A motorhome is RV with an engine (as opposed to a camp trailer that is pulled by another vehicle). Many people will tow a small car behind it to use for running around when the RV is parked at a campsite.

Currently there are 3 basic approaches to towing the car

  1. 4 tires on the ground, with a towbar connecting the car to the RV
  2. A tow dolly, a small trailer like device that the front tires of the car sit on
  3. A full size car trailer that the entire car rides on.

For the first two it is not possible/recommended to backup with the car attached. You can backup with the full car trailer, but at the camp ground it is big extra thing to put someplace.

A 'wheel lift' or 'stinger' is a device on a tow truck that picks a car up by the tires. There are several manufacturers in the US that makes ones that "hide" under the back of a pickup, cost start around $4,000 for a brand new stinger. A car being towed on stinger, can be backed up just like a trailer.

By putting a hidden stinger on the back of a motorhome, you could backup without disconnecting the towed car AND not have anything extra to put someplace at the campground.

My question: A stinger on the back of a Motorhome seems like a wonderful solution to many of the hassles of towing a car. Why can't I find any examples (lots of googling) of it being done? If it is not possible/practical why?
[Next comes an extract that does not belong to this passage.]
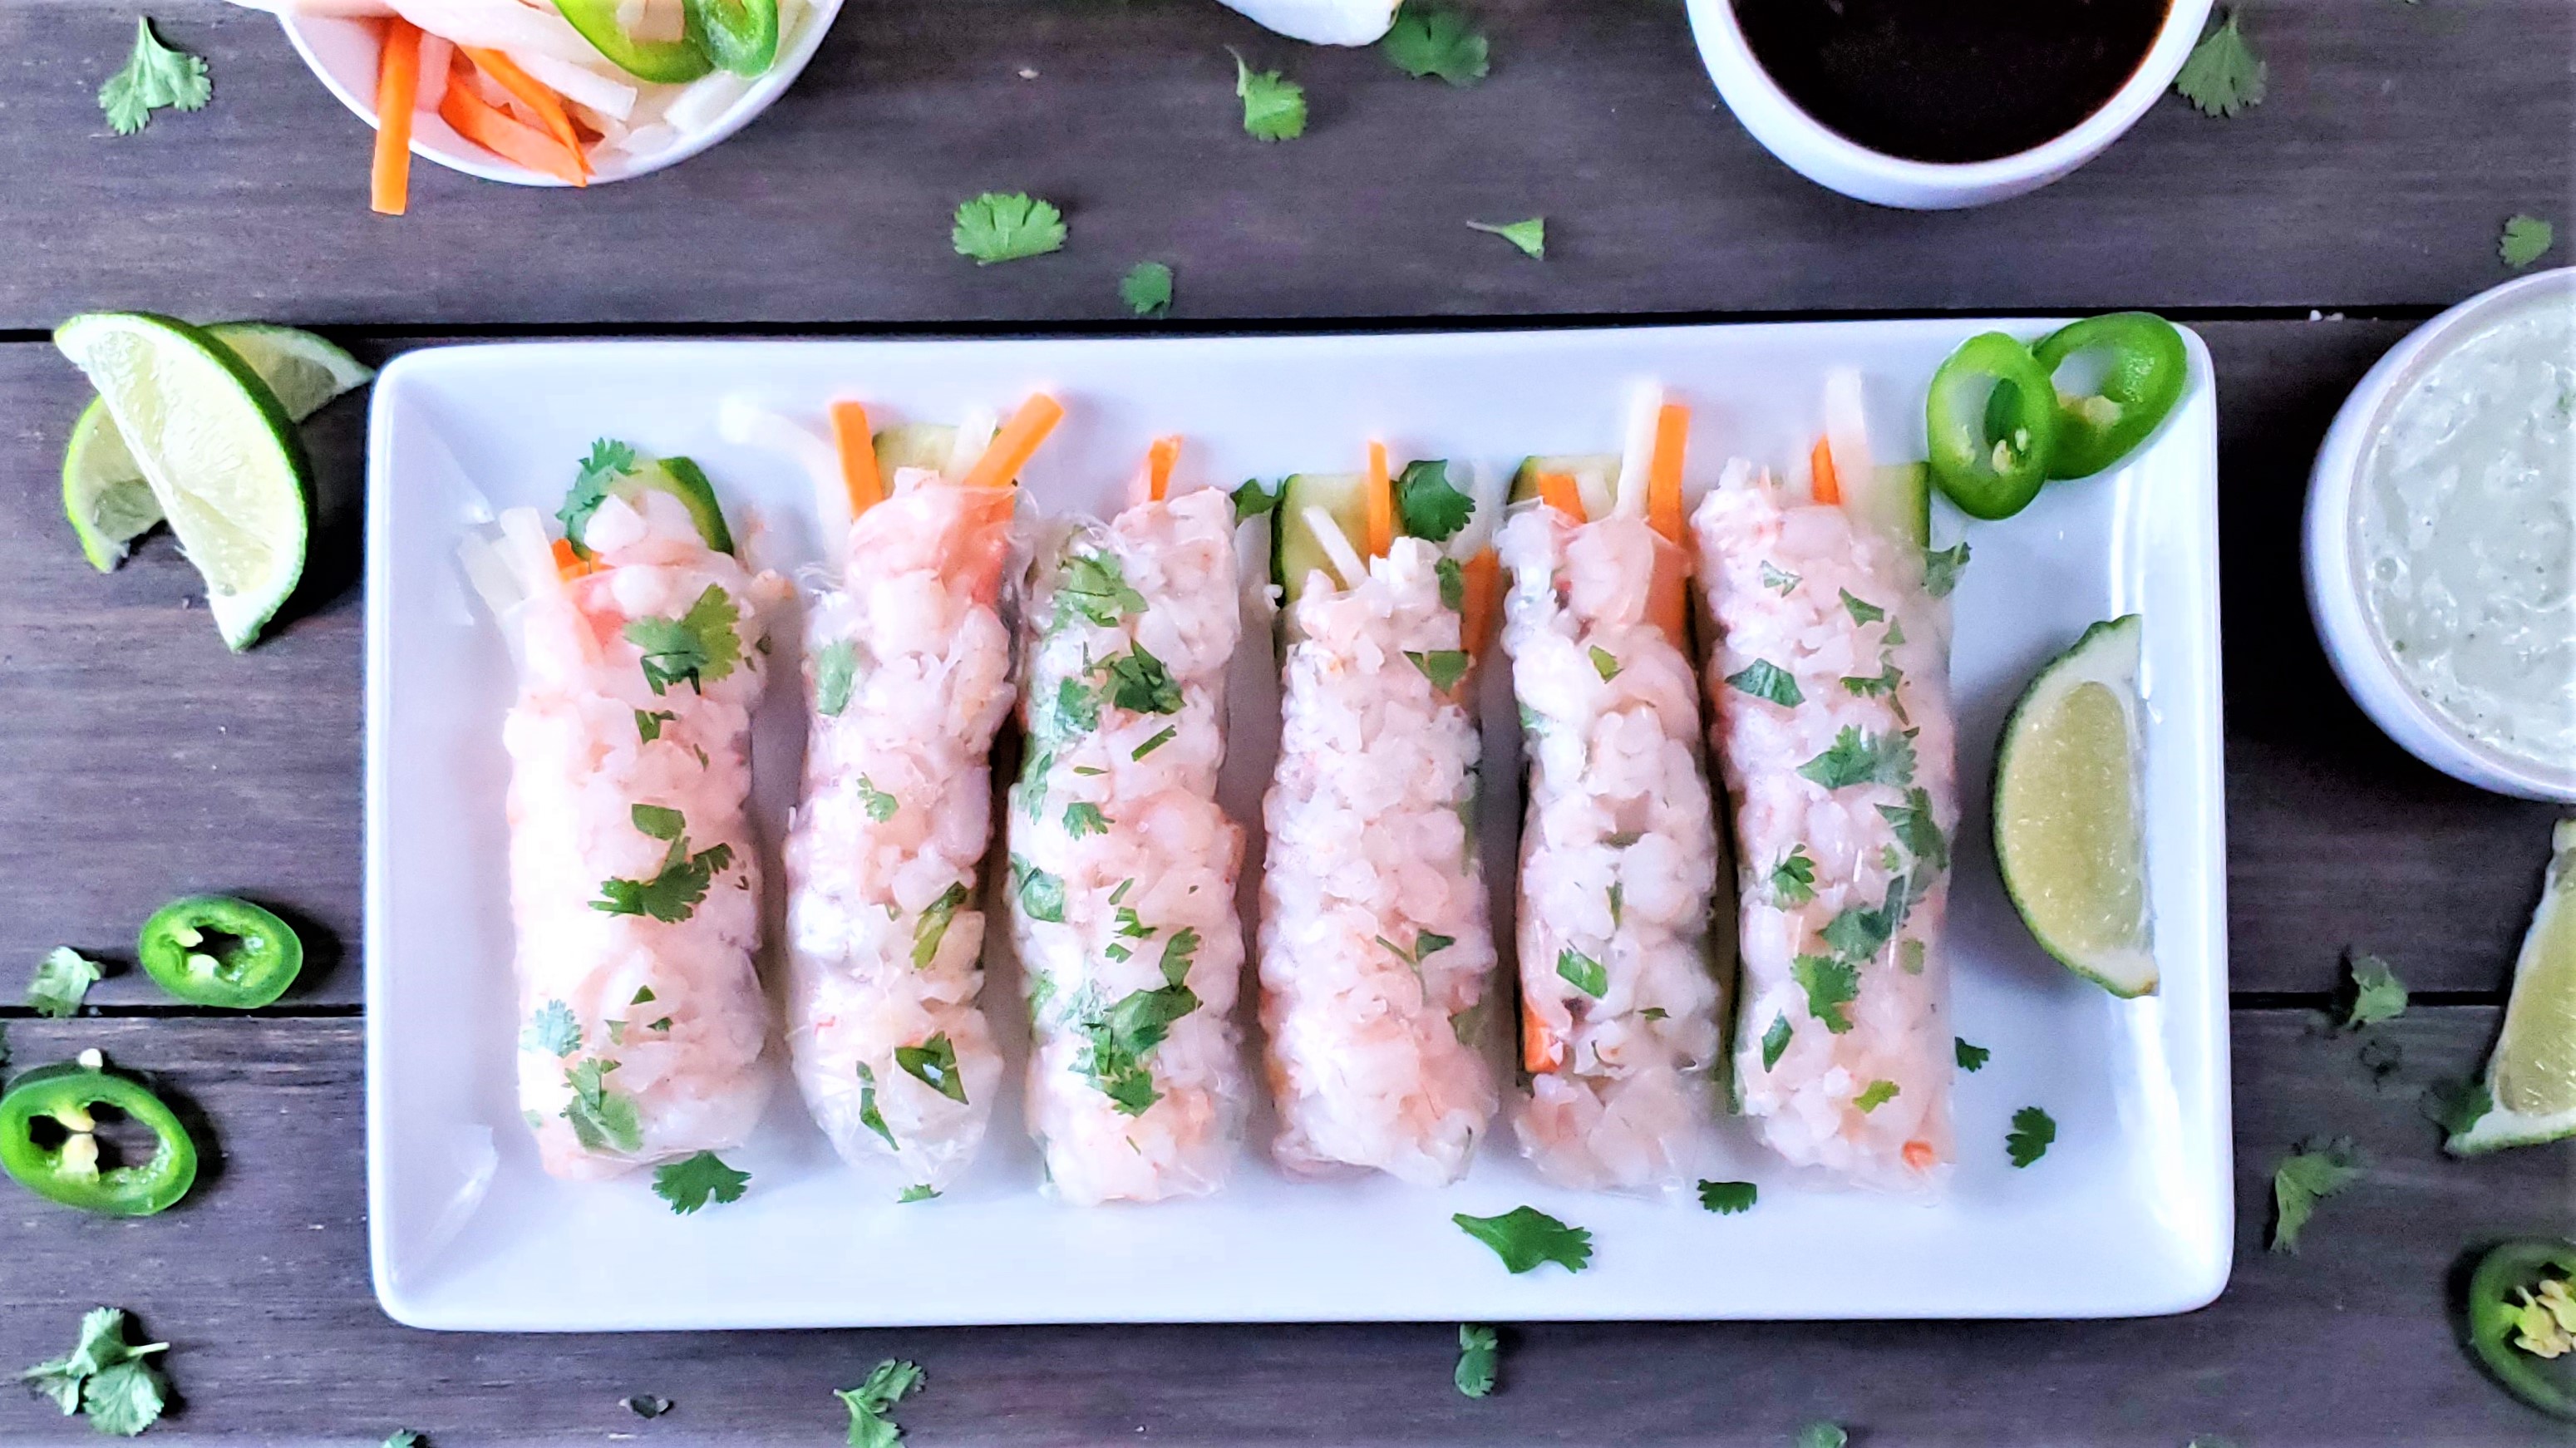 Shrimp Banh Mi Spring Rolls With Sweet Chili Hoisin Sauce | Delicious

RV Classes (for clarity of question) There are 3 basic "classes" of motorized RVs, Wikipedia has an article with details, there are execptions and variables, but for the purpose of this question, the below is a guideline

  • Class A - This is purpose built on a heavy truck chassis. The exterior may resemble a bus, or camp trailer, the drivers area is an intricate part of the "home". The truck chassis is not near any load limits.

  • Class B - A complete van, as you would purchase from a local dealer to haul stuff, has an RV built inside it. The exterior will look like a delivery van, possibly with special paint, custom windows, and possibly a raised roof. The Drivers area easily access the camper area. As built it may or may not be near load limits of the vehicle.

  • Class C - A marriage of the other two classes, A normal van is ordered from the Manufacture (i.e. Ford) but without a complete van body. The body stops just behind the driver's seat. The RV builder builds a camper on the bare frame back of the van. The exterior will look like someone grafted a camp trailer on to a van. Access between the drivers area and the camper may be difficult. As built it will most likely be very near the chassis load limit.

Of the above Classes, the Class C would not be a good candidate for a stinger, it would be near it load limit, while not impossible. it would be improbable. The Class B would be a good candidate for the stinger, but owners of them use them as both a camper and for casual running around, they would not have a interest in towing a car. Class A these are the most expensive, and the largest, they are very capable of towing heavy loads, and can easily support the extra weight of the stinger and car. The Class A is the most likely to have car towed behind it.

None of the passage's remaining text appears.